San Francisco Police Got a Warrant to Monitor a Journalist's Phone Before Raiding His Apartment
The move is an assault on the First Amendment.
The saga surrounding the San Francisco police department's raid on journalist Bryan Carmody's home took another twist last week when it was revealed that local law enforcement also obtained a warrant to monitor his phone.
Carmody attracted national attention when police officers, armed with sledgehammers, smashed their way into his apartment, handcuffed him, and confiscated his electronic devices after he declined to name the source of a leaked police report. A freelance journalist, Carmody sold the police report surrounding the death of Jeff Adachi, the city's public defender, to three of San Francisco's news stations in late February. Carmody's company, North Bay News, follows stories overnight and peddles the corresponding information and video footage to local television outlets.
The police raid likely violated the state's Shield Law, which protects journalists from having to name a source. That law also excludes certain items from being subject to search and seizure, meaning that the warrant obtained to monitor Carmody's phone was probably illegal too.
Signed by Judge Rochelle East of the San Francisco County Superior Court, it allowed law enforcement to retrieve all of Carmody's "subscriber information, call detail records, SMS usage, mobile data usage and cell tower data" from February 22 until February 23, the pivotal period surrounding the death of Adachi.
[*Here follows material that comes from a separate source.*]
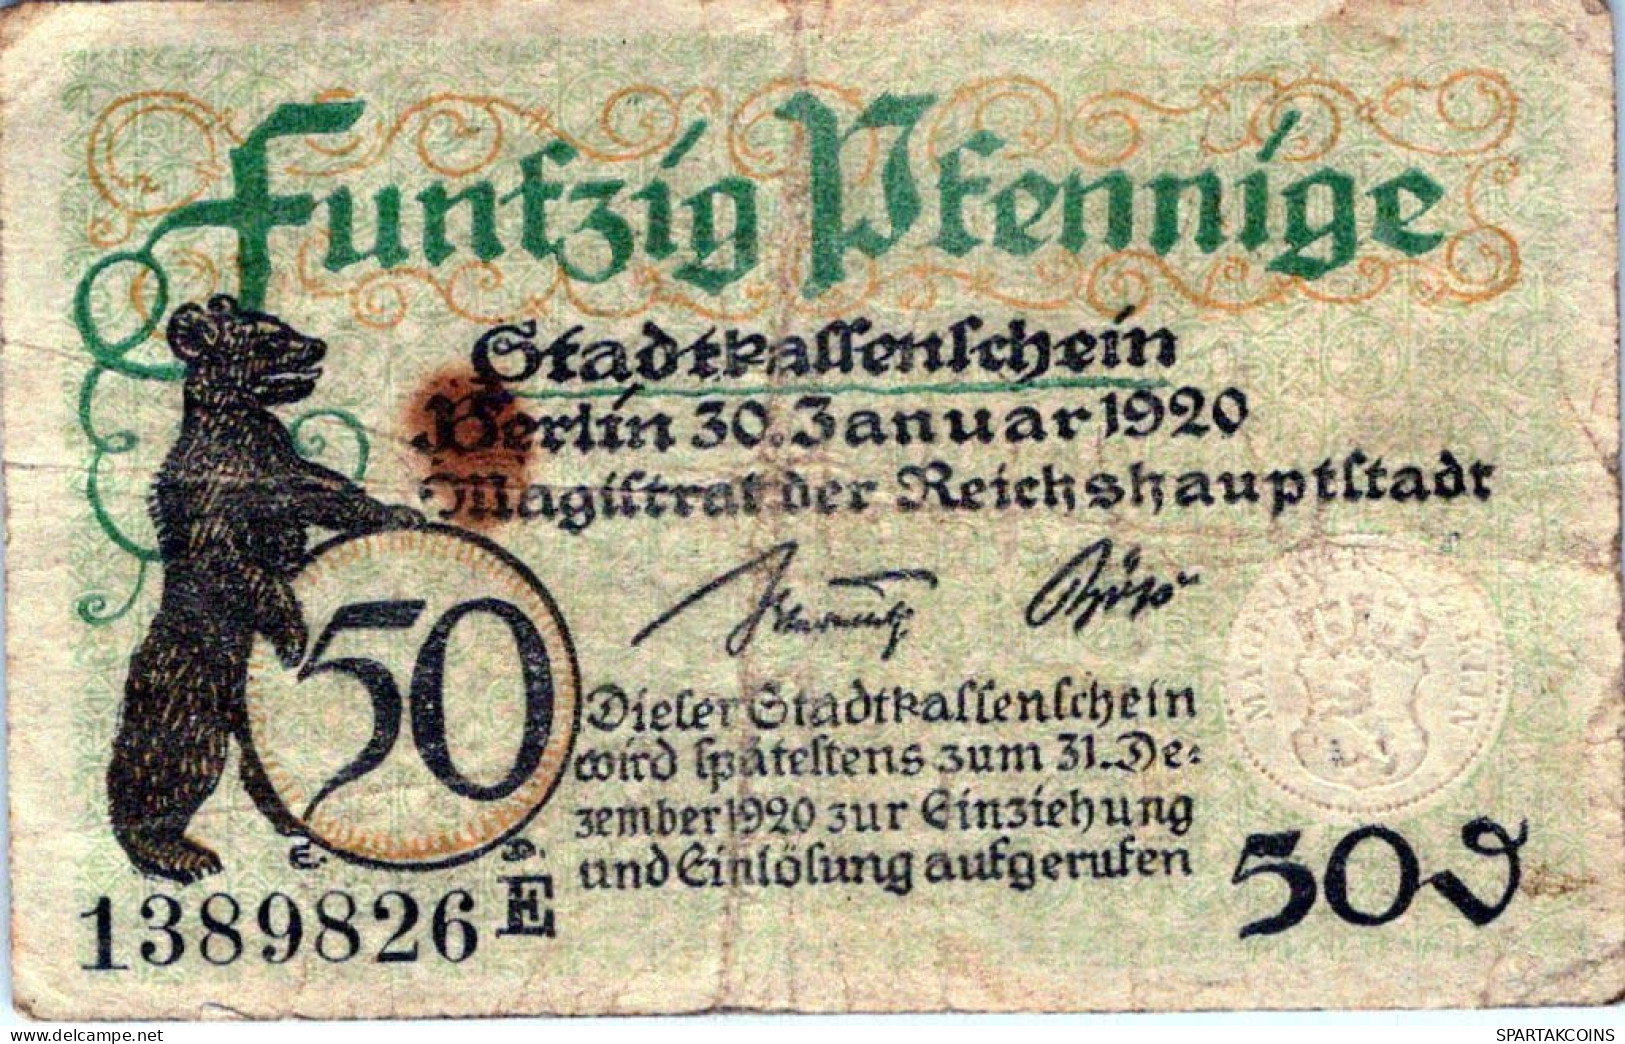 50 PFENNIG 1920 Stadt BERLIN DEUTSCHLAND Notgeld Banknote #PG479 - [11] Local Banknote Issues

It also permitted further "remote monitoring" on the phone "day or night." The warrant does not mention the fact that Carmody is a journalist.
The leaked police report in question caused quite the stir when it first made its way into the hands of local reporters, culminating in the frenzied police raid on Carmody as the cops sought to pinpoint his source. As I wrote back in May:
The police report about the death of Adachi—whose reputation was defined by his penchant for criticizing the police—provided gossipy fodder for San Francisco's local news in late February. Laden with a string of scandal-ridden details about his final moments, it said he had been with a woman who wasn't his wife in an apartment that had "cannabis gummies," "empty bottles of alcohol," as well as an "unmade bed"—the latter of which was widely publicized with photographs. The salacious and often irrelevant specifics, later leaked to several journalists, sparked speculation that the police department was looking for the last laugh against the city's top public defender, who wasn't exactly known for making their jobs any easier.
Police Chief William Scott first doubled down on the raid, but later apologized, suggesting that his staff failed to identify Carmody as a journalist on warrant applications. That accusation set off a new round of he-said-she-said allegations, with the San Francisco Police Officers' Association claiming it was Scott who concealed Carmody's profession. The police union has since called for the police chief's resignation.